Hobhouse's rooms, Cambridge, 1808 - H and S are outrageously intoxicated

H: Good eve, Byron! (raises glass) hail, generous youth! whom Glory's sacred flame inspires, and animates to deeds of scribbling fame

S: He who feels the noble wish to raise the finger of each passer-by!

B: My - are you both not vastly amusing this evening

H: Zooks! (shivers) - I am ravenous, are you ravenous Scrope? (S is busy with a corkscrew) - pray - my Lord - have you bought us a sumptuous side of roasted Southwellian ox from your mother's commodious ovens? - heh, or perhaps some pleasant poesy, fresh from Ridges?

S: Tales of rustic fumblings in soggy graveyards? canoodling upon moonlit bridges? (recoils from corkscrew)

B fumes and heads for door

H: Ah, now! - stay and imbibe, our dear friend - the Methodist Matthews will be here presently

S: May a future age - admiring, yet - view a Falkland or a Clarendon in you! (bows)

H: Shut-up Scrope - good god

S: Byron, do join us - (rummages through cellarette) - what have we left? - er, some ale? mead is it?(holds bottle to light) - cider! 'tis cider - sit down my friend and tell of your latest Southwell sojourn

B(sighs, appears burdened): I detest that infamous abode and - of differing needs - must never return

S: Pr’ythee, why-ever not? Is there honour to be met? - are gouty husbands brushing their barrels quite as yet? 

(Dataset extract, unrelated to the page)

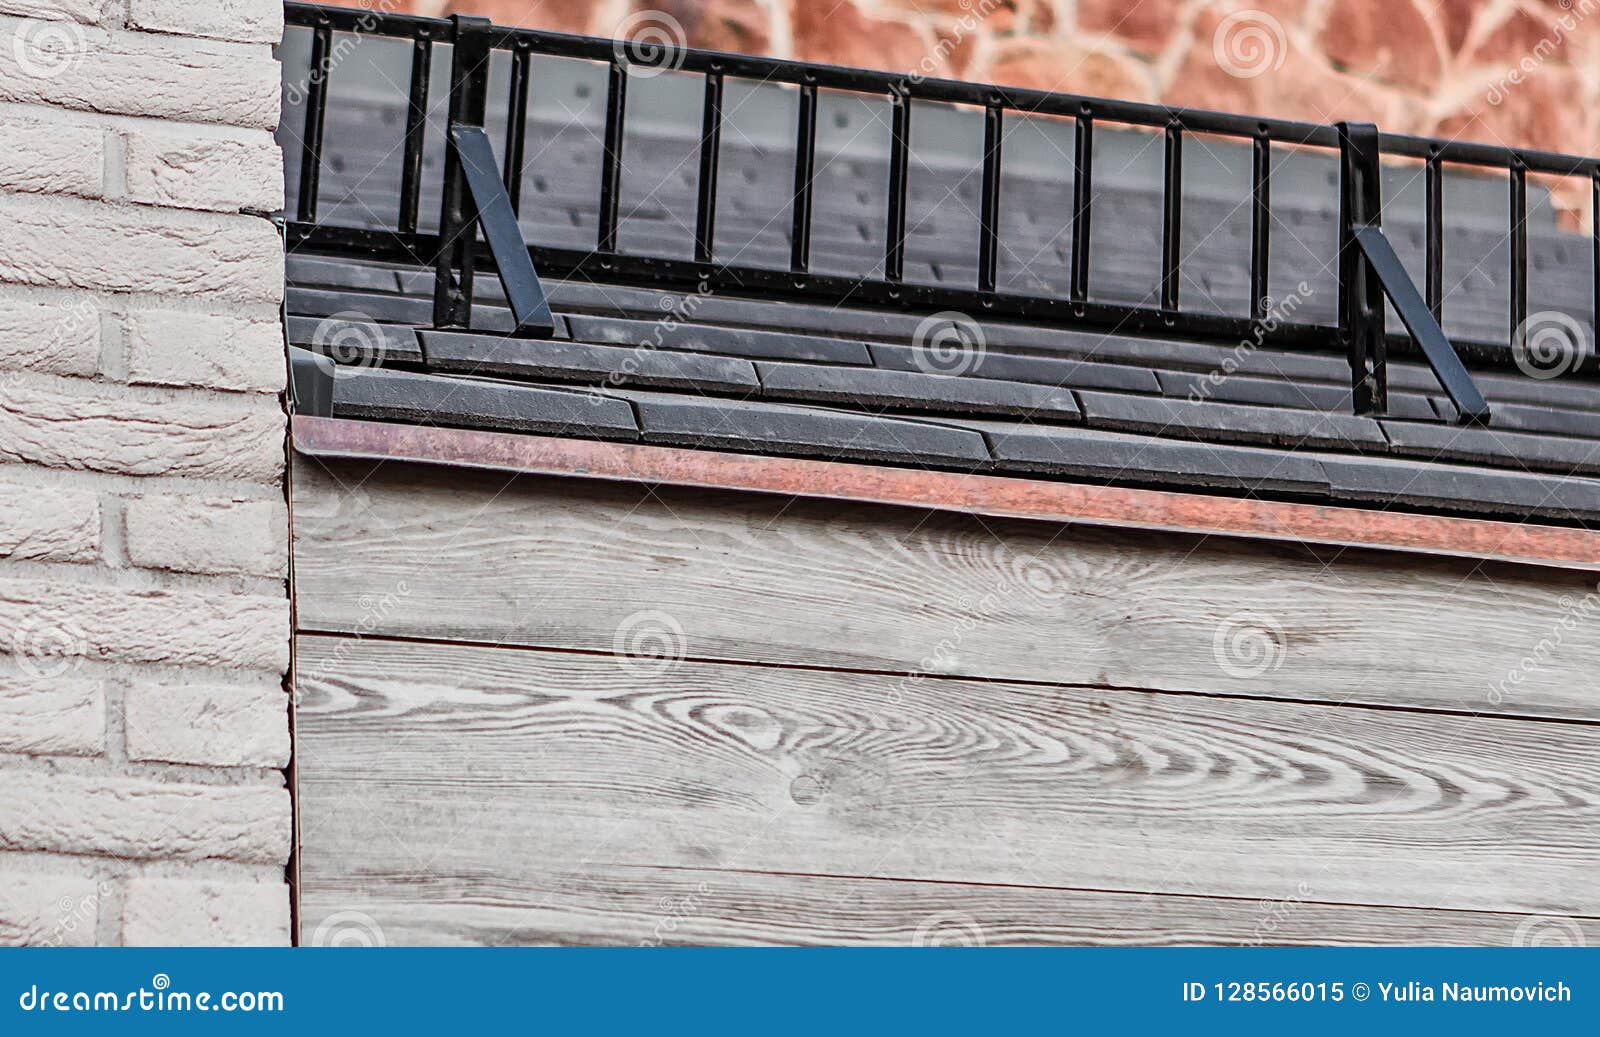 Roof Railing With Gray Wooden Beams, Black Tiles, White ...

H: Has your mother suggested you put to sea? Are there furious intimations of matrimony?

B: Pfft! - any of which would be manageable - 'tis but (is mortified) - 'tis but that mischievous little blind god..

H & S(gasp): ...LOVE??!

B: Be damned but (bites lip) - it is

H: Ah! why too early your careless life resign? - your morning slumber, and your evening wine? - your loved companion, and my easy, witty talk - your Muse, invoked in every peaceful walk?

S: And which Piece is the adored one - Caroline? Mary? Marion? Ann? 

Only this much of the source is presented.